The difference this season is the potential for improvement just based on the possibility of aces Jacob deGrom and Max Scherzer being healthy for the second half. So these next six weeks might hold the key to the season.

“We’re all stubborn,” manager Buck Showalter said. “We always think we’re a week away from just looking at it through a whole different look, good and bad. I’ve been on an expansion team where we are just trying to keep from losing 100, but there were periods through that season where I am going, ‘Man, we may not lose another game.’

“And then I have been on teams that have won 100 games and there were periods like, ‘We may not win another game.’ It kind of jolts you into reality about the ebb and flow of a season. You are never as good or bad as sometimes the game will make you feel.”

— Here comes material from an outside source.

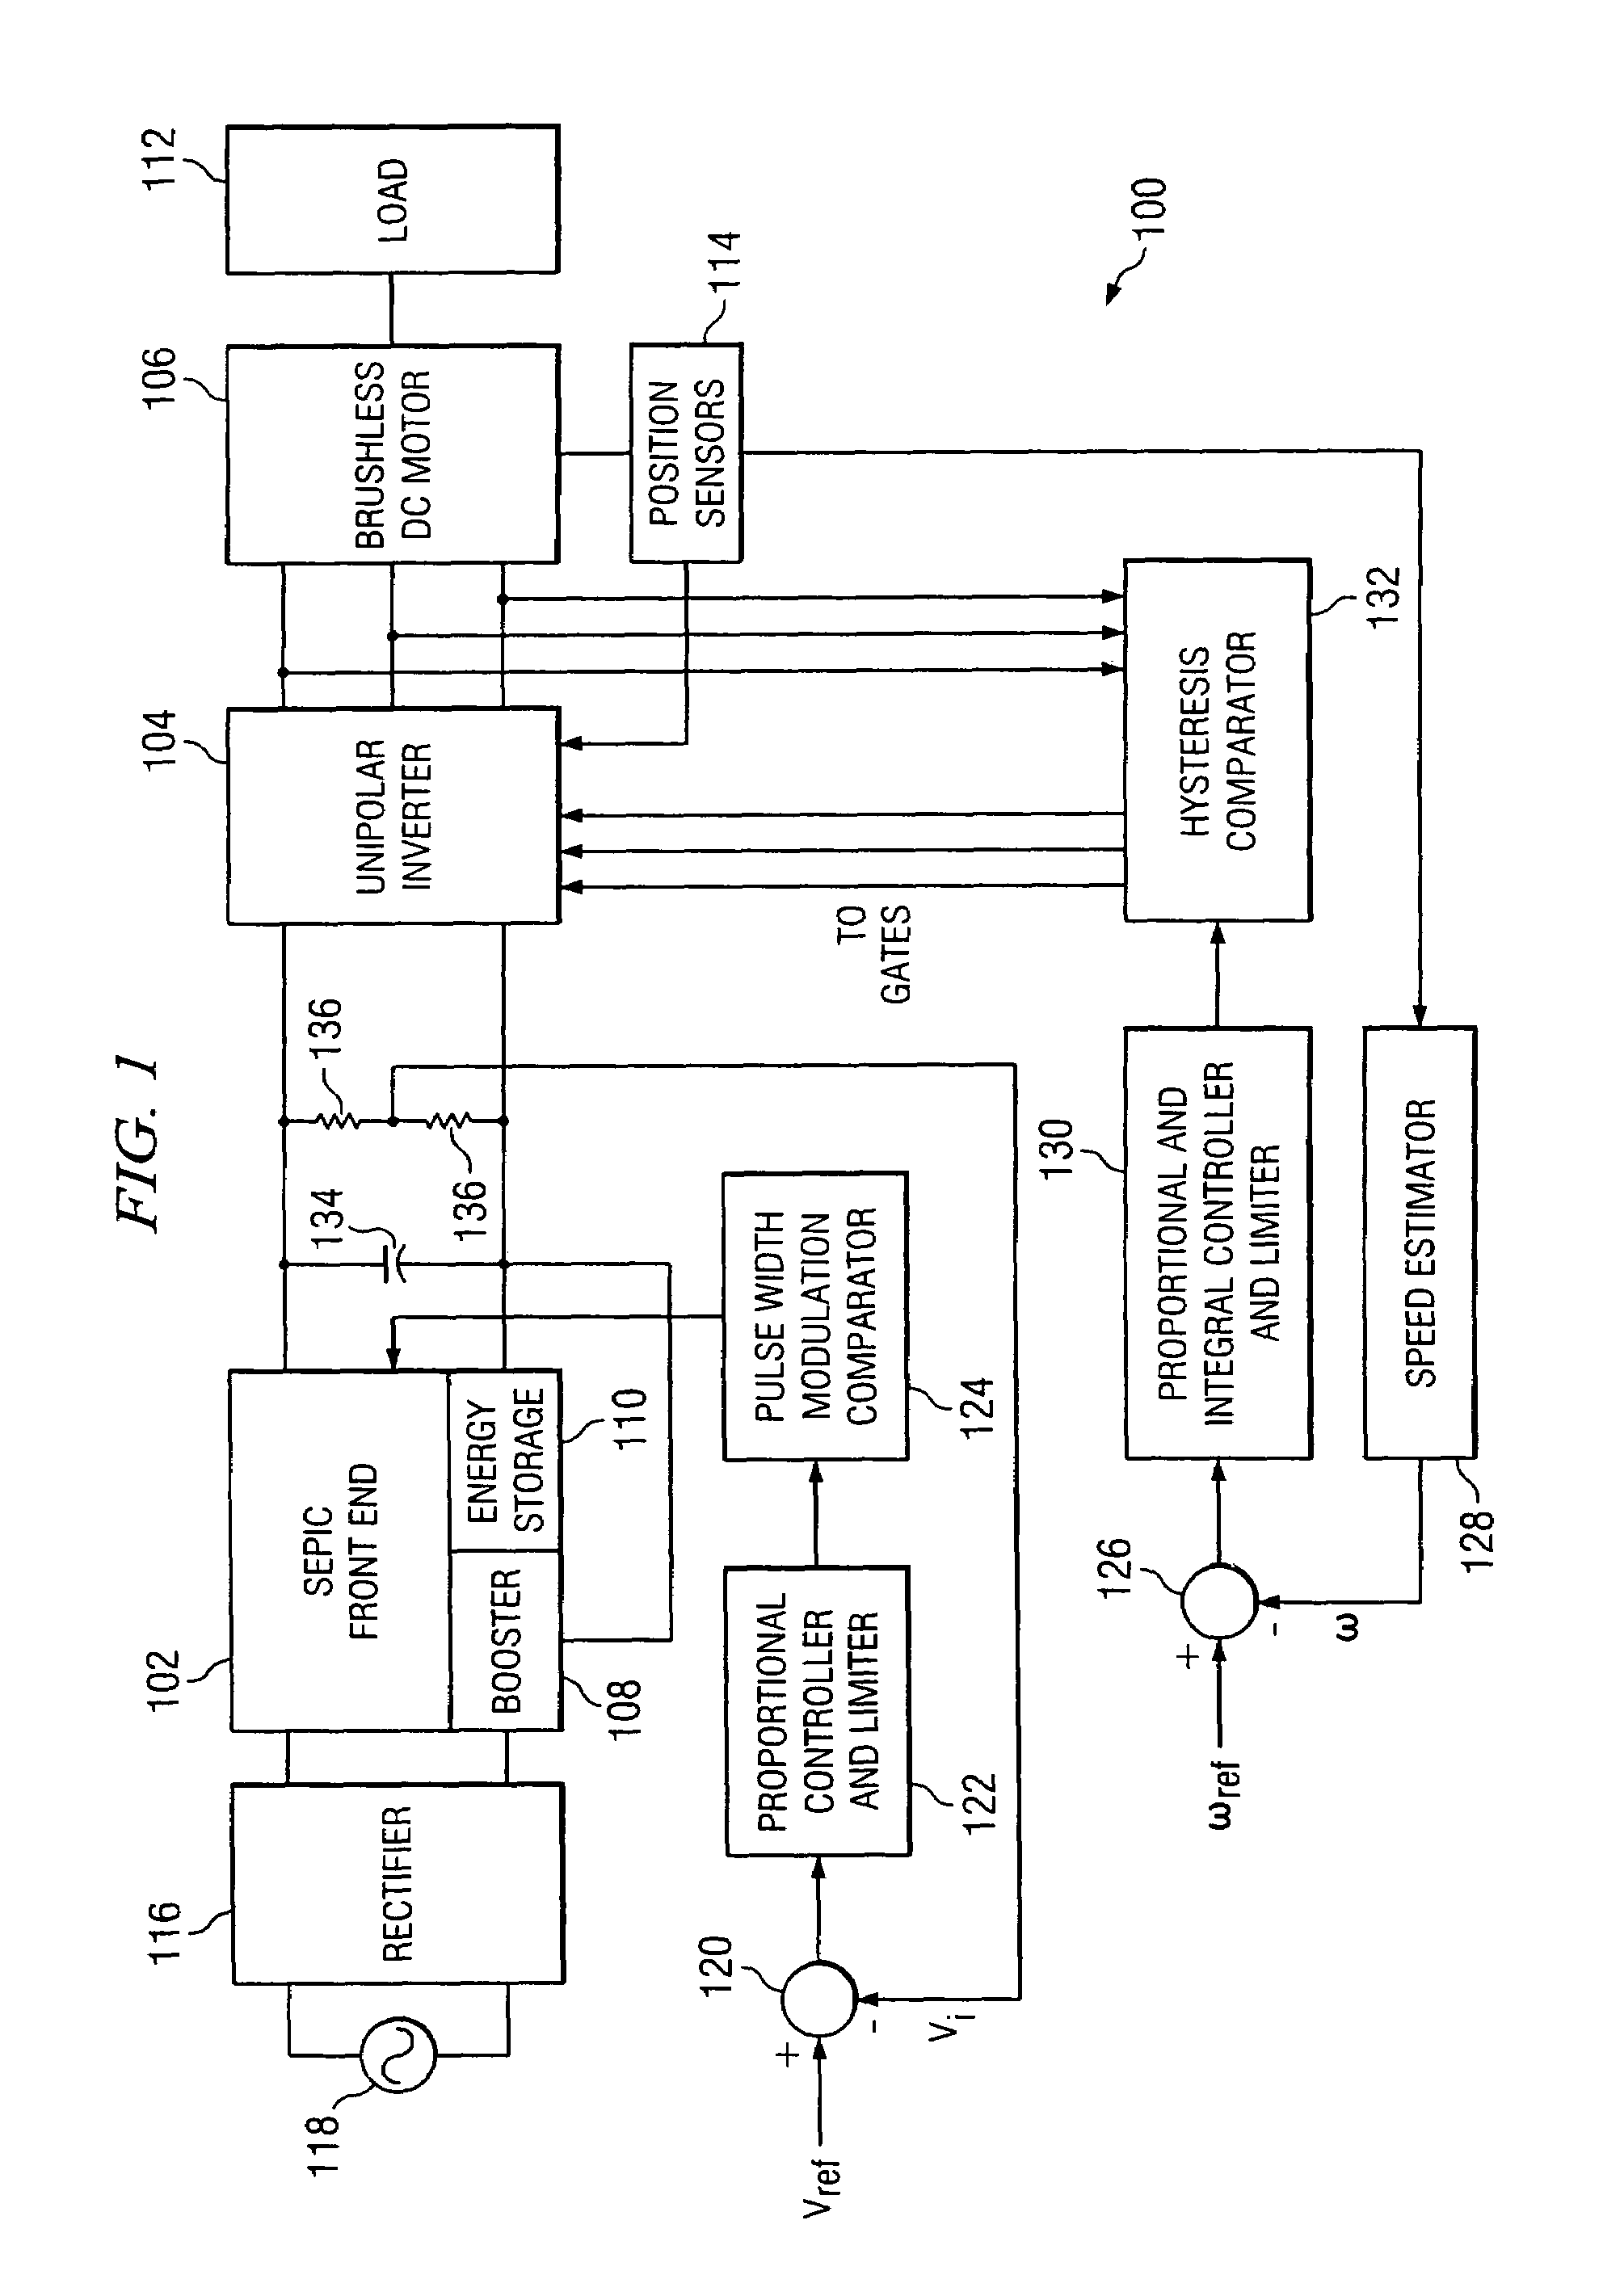 Unipolar drive topology for permanent magnet brushless DC motors and switched reluctance motors

A significant test will begin later this week, when the Mets head to the West Coast for 10 games against the Dodgers, Padres and Angels, all of whom have playoff-caliber teams. The next healthy dose of NL East competition won’t come until July. By then, teams such as the Braves and Phillies that have struggled might appear more formidable.

“This is a hell of a division and even though you have teams that don’t necessarily show it record-wise, if you look at the type of players and type of talent in this division, this is a really hard division to succeed in,” Alonso said. “I wouldn’t be surprised if a couple of months from now you have teams well over .500 and competing, so that is kind of where we’re at right now. But if you look at other teams, especially the Phillies, they have real good starters, they have an excellent offensive lineup and they haven’t played their best ball yet.”

The Mets were 31-17 entering Sunday — the team’s best record after 48 games since 2007. But just the mention of that season offers a reminder nothing is a lock: a September swoon of epic proportions prevented the Mets from reaching the postseason.

Francisco Lindor said the “vibe” he has received from this year’s team tells him the Mets are for real.

“We’re all professionals,” Lindor said. “I don’t worry about [Eduardo] Escobar’s job. I worry about my job, he worries about his job and we go out there and try to get it done. At the end of the day he’s pulling for me and I’m pulling for him, and that goes for every locker around here.”